The other early evaluation study in which ETS was involved was the now famous Coleman Report 
(Equality of Educational Opportunity ), issued in 1966. ETS staff, under the direction of Albert E. Beaton, 
had major responsibility for design of the study and analysis of the massive data generated. Until then, 
studies of the effectiveness of the nation's school, especially with respect to programs’ educational impact 
on minorities, had been small-scale. So the collection and analysis of data concerning tens of thousands of 
students and hundreds of schools and their communities were new experiences for ETS and for the 
profession of program evaluation. 

In the intervening years, the Coleman Report and the Pennsylvania Goals Study have become 
classics of their kind, and from these two auspicious early efforts, ETS has become a center of major 
program evaluation. Areas of extensive endeavors have been, and are, diverse. They include computer- 
aided instruction, aesthetics and creativity in education, educational television, educational programs for 
prison inmates, reading programs, camping programs, career education, bilingual education, higher 
education, preschool programs, special education, and drug programs. (For brief descriptions of ETS 
work in these areas, see Appendix A.) ETS also has evaluated programs relating to year-round schooling, 
English as a second language, desegregation, performance contracting, women's education, busing, Title I 
of the Elementary and Secondary Education Act (ESEA), accountability, and basic information systems. 

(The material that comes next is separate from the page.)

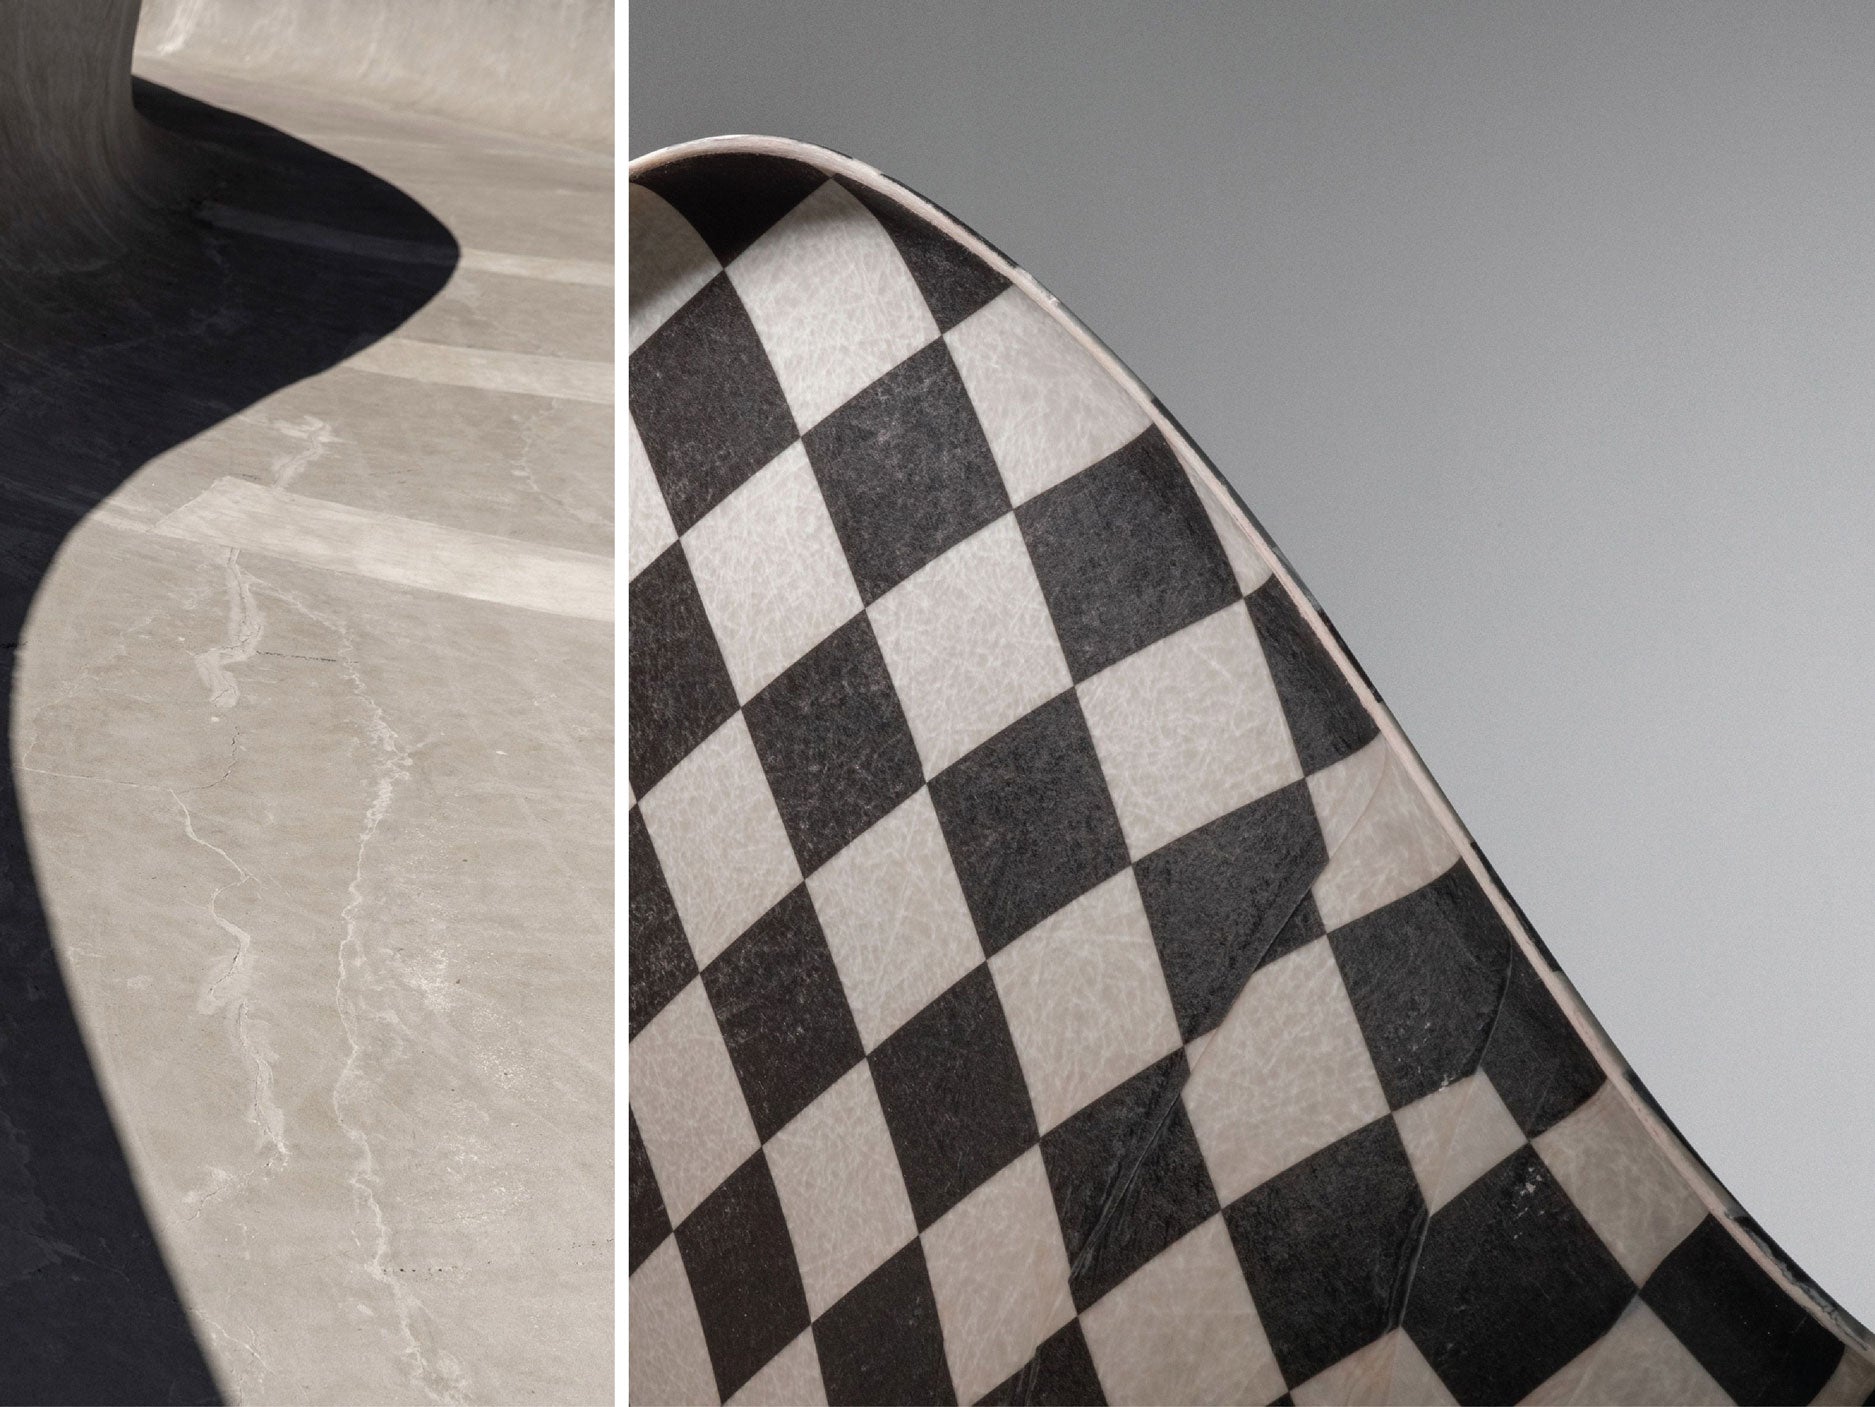 Vault by Vans Partners with Modernica at Crossover
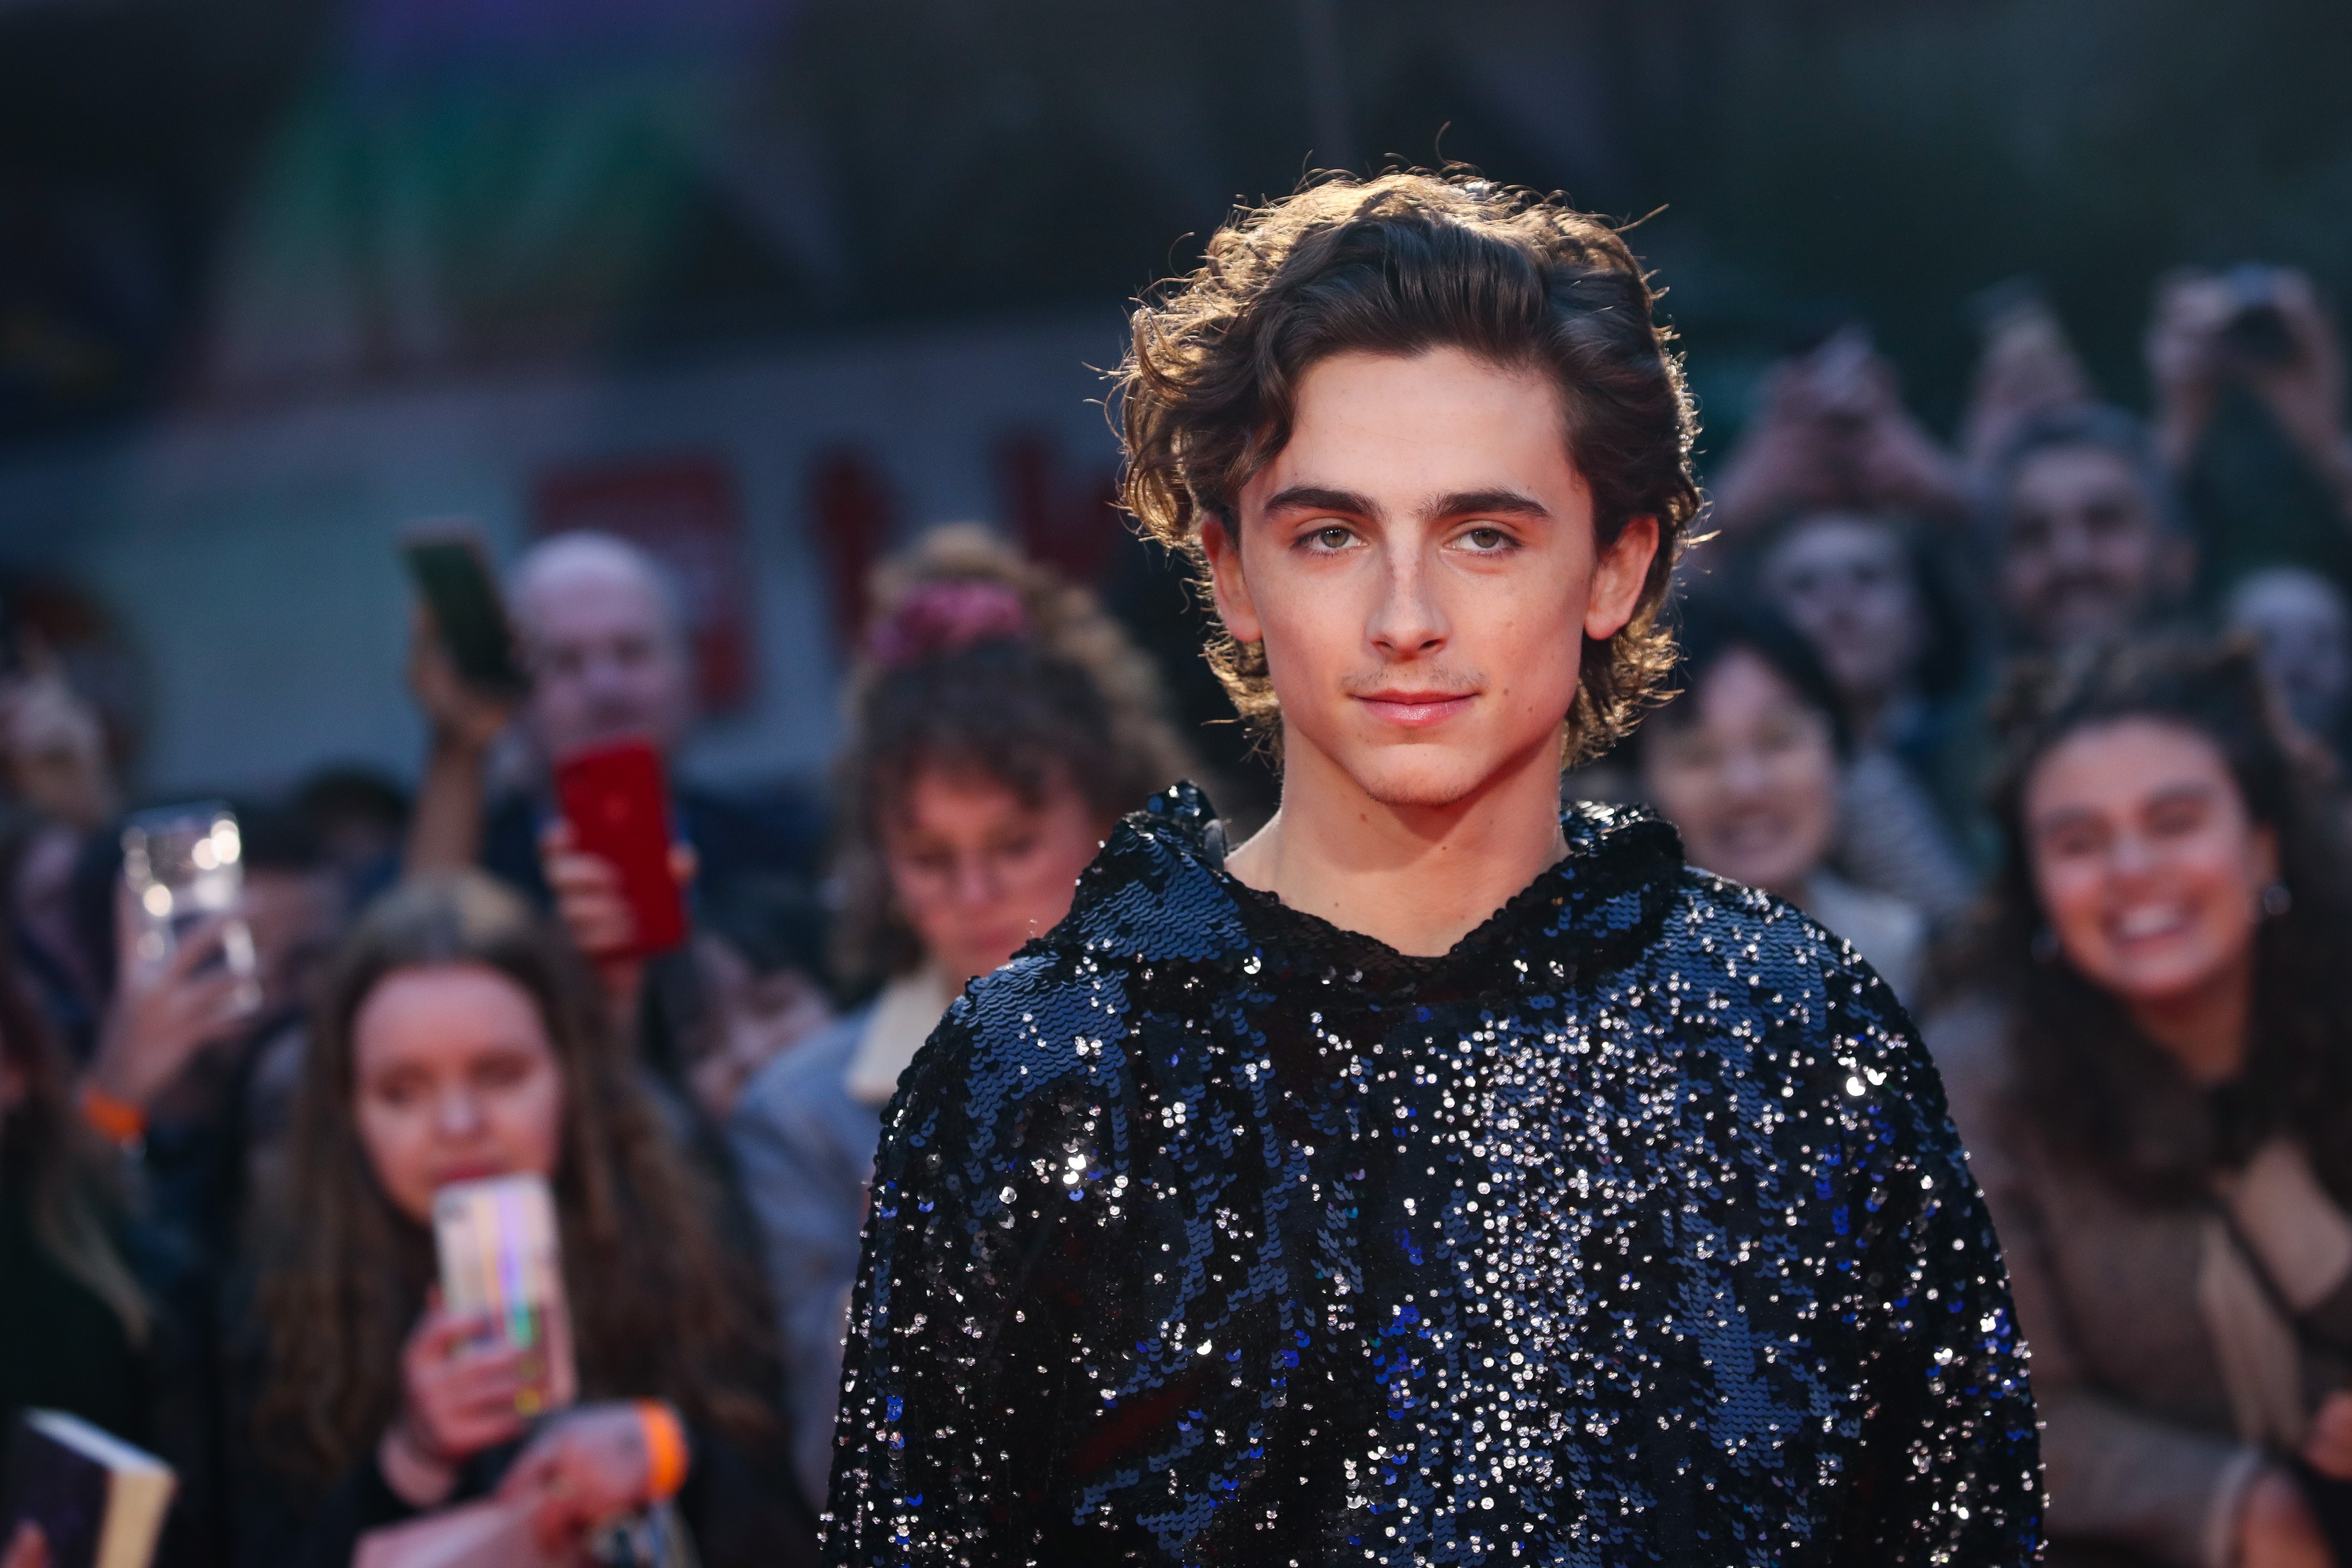 LONDON, ENGLAND - OCTOBER 03: Timothee Chalamet attends "The King" UK Premiere during the 63rd BFI London Film Festival at Odeon Luxe Leicester Square on October 03, 2019 in London, England. (Photo by Mike Marsland/WireImage) (Foto: Mike Marsland/WireImage)

One piece of work which must be mentioned is the Encyclopedia of Educational Evaluation, 
published in 1975 by Jossey-Bass Publishers, Inc. It was edited by Scarvia B. Anderson, Samuel Ball, and 
Richard T. Murphy, and contains articles by them and 36 other members of the ETS staff. Subtitled 
Concepts and Techniques for Evaluating Education and Training Programs, it contains 141 articles in all. 

ETS Contributions to 
Program Evaluation 

Given the innovativeness of many of the programs evaluated, the newness of the profession of program 
evaluation, and the level of expertise of the ETS staff who have directed these studies, it is not surprising 
that the evaluations themselves have been marked by innovations for the profession of program 
evaluation. At the same time, ETS has adopted several principles relative to each aspect of program 
evaluation. It will be useful to examine these innovations and principles in terms of the phases that a 
program evaluation usually attends to—goal setting, measurement selection, implementation in the field 
setting, analysis, and interpretation and presentation of evidence.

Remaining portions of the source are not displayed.